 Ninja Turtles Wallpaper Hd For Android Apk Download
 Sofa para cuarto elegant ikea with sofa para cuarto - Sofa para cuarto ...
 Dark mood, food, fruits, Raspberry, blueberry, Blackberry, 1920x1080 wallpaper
...
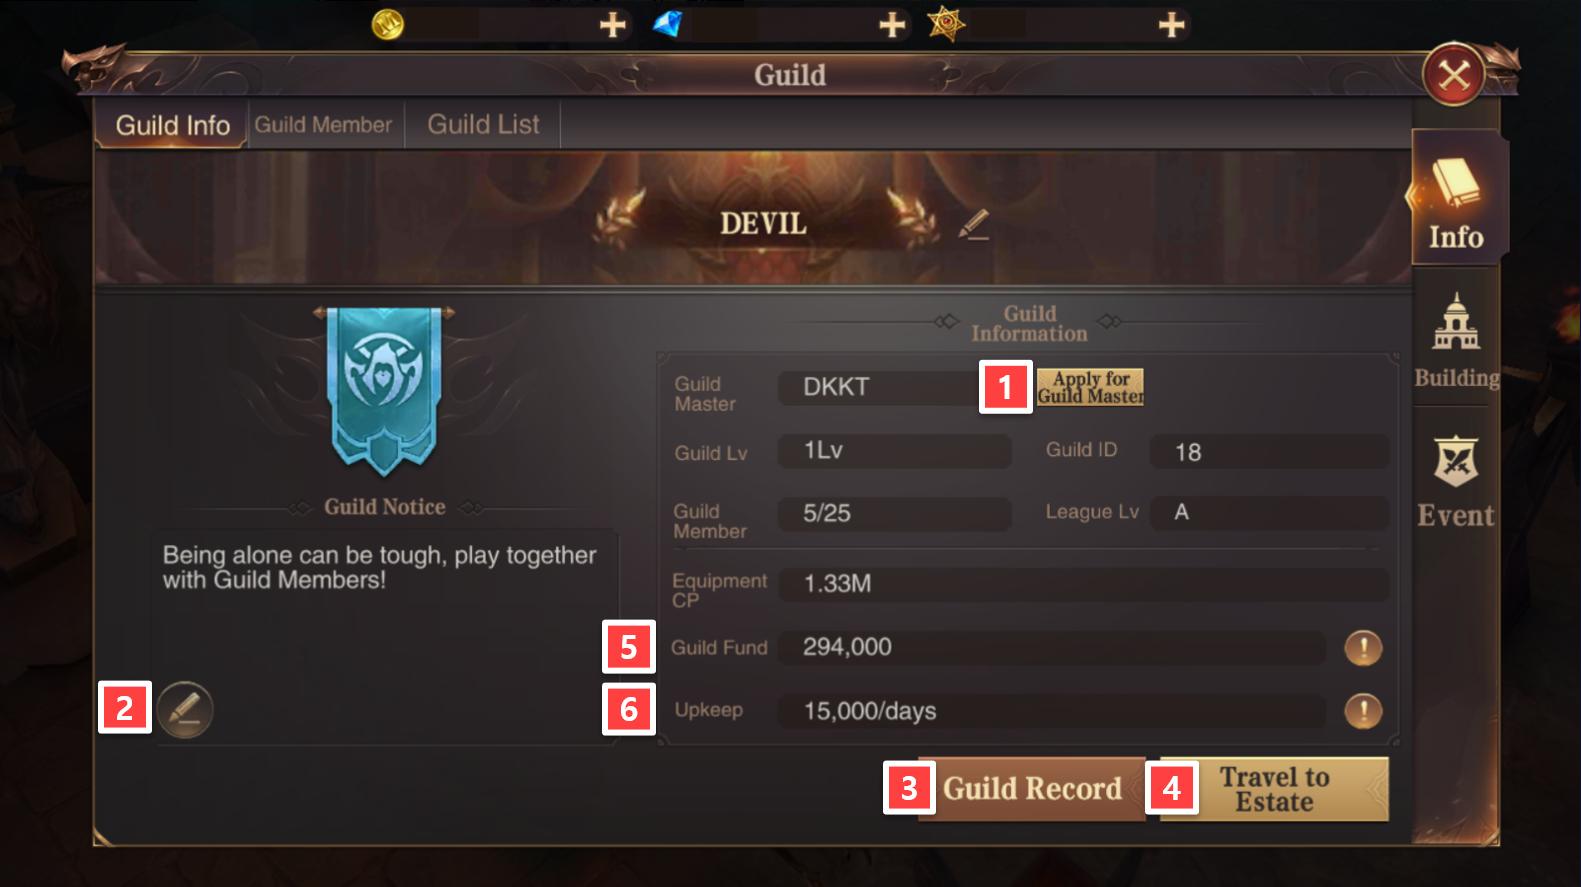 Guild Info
--
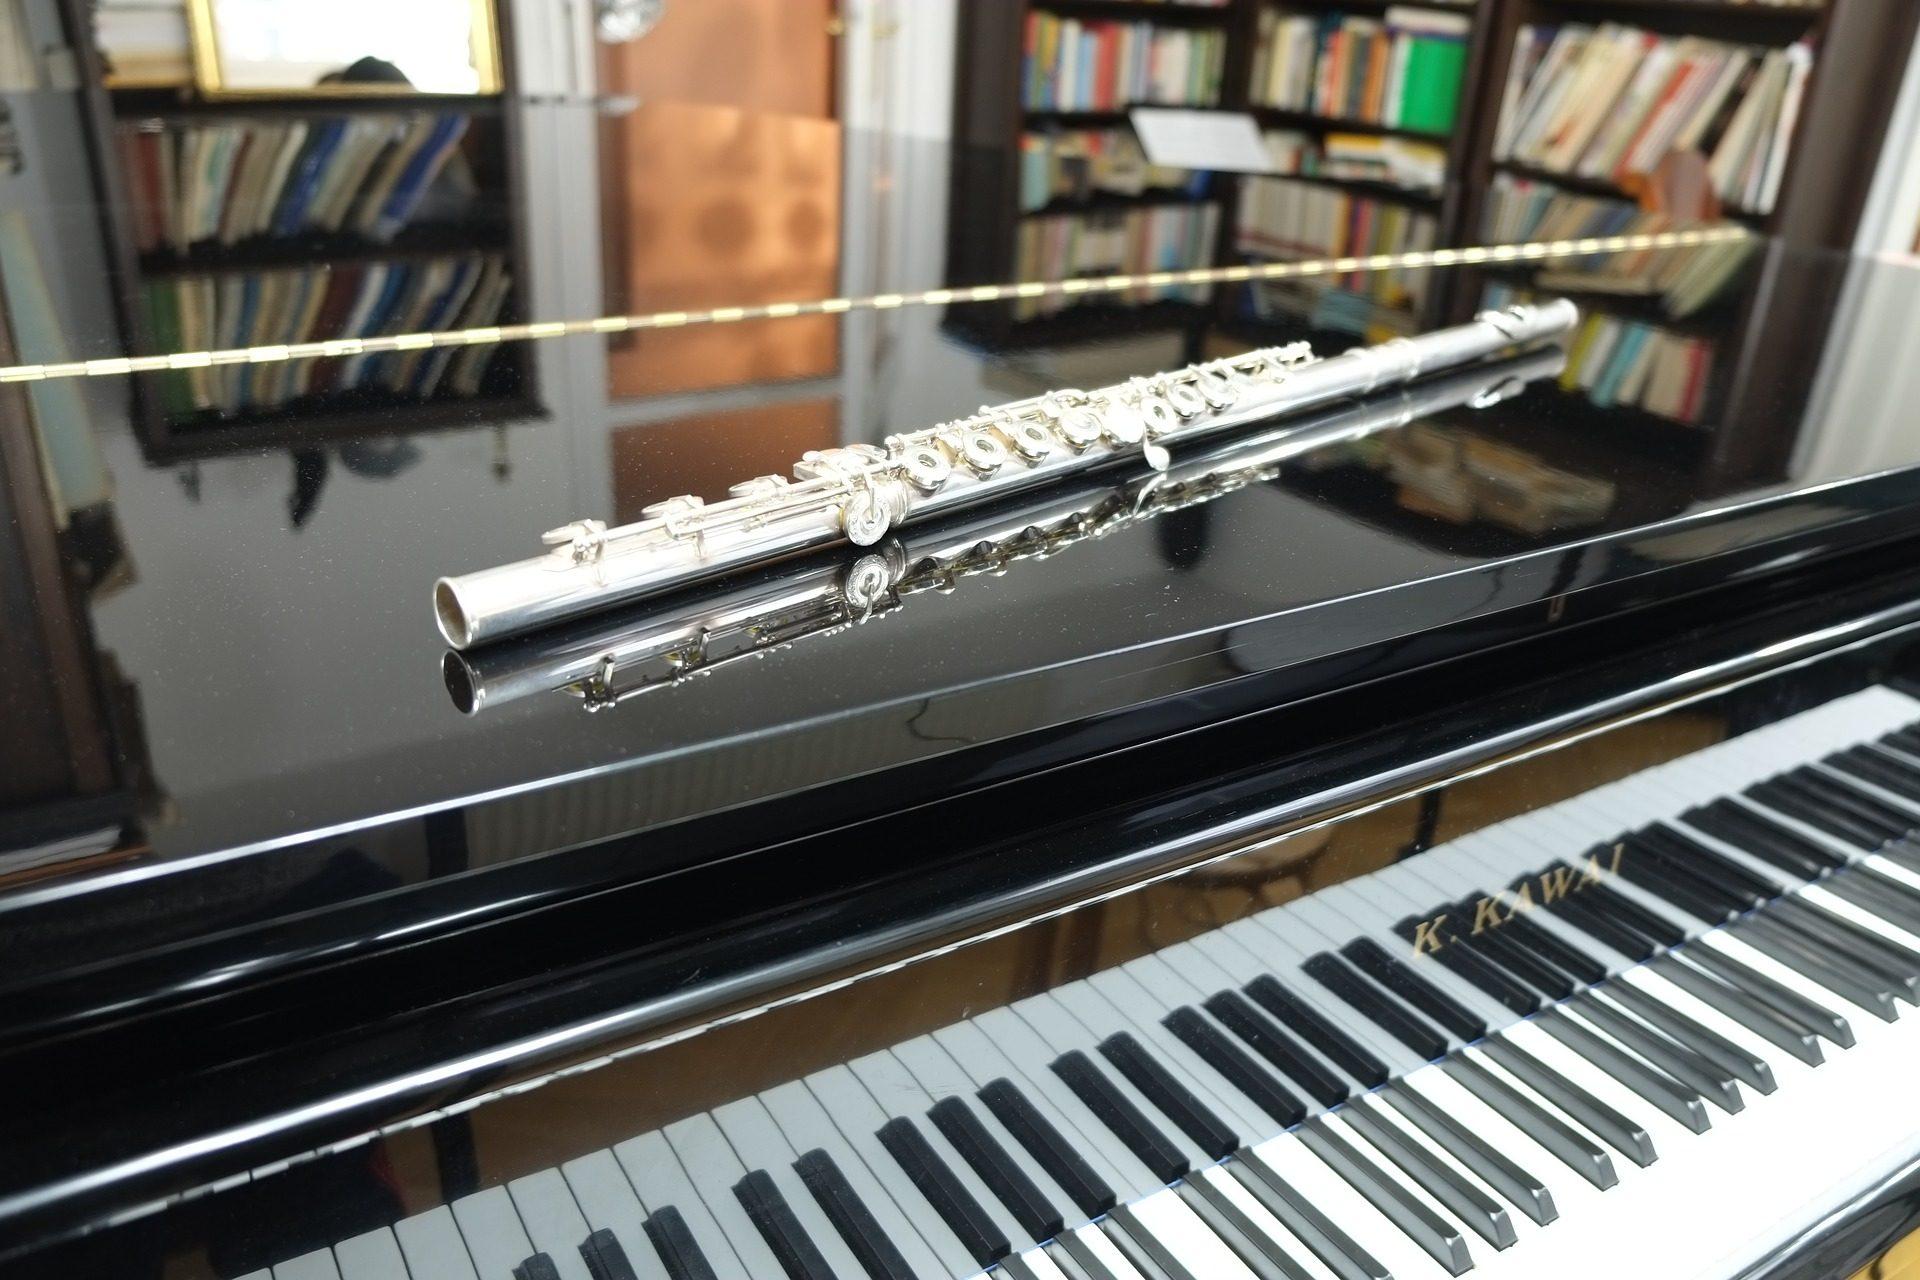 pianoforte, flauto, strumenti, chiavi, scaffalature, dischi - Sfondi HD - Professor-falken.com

-- TASK OBJECTIVE --
From the records above, retype only the lines starting at the line that contains "Ninja Turtles Wallpaper" and ending at the line that contains "Blackberry, 1920x1080 wallpaper", both included.

-- RESPONSE --
 Ninja Turtles Wallpaper Hd For Android Apk Download
 Sofa para cuarto elegant ikea with sofa para cuarto - Sofa para cuarto ...
 Dark mood, food, fruits, Raspberry, blueberry, Blackberry, 1920x1080 wallpaper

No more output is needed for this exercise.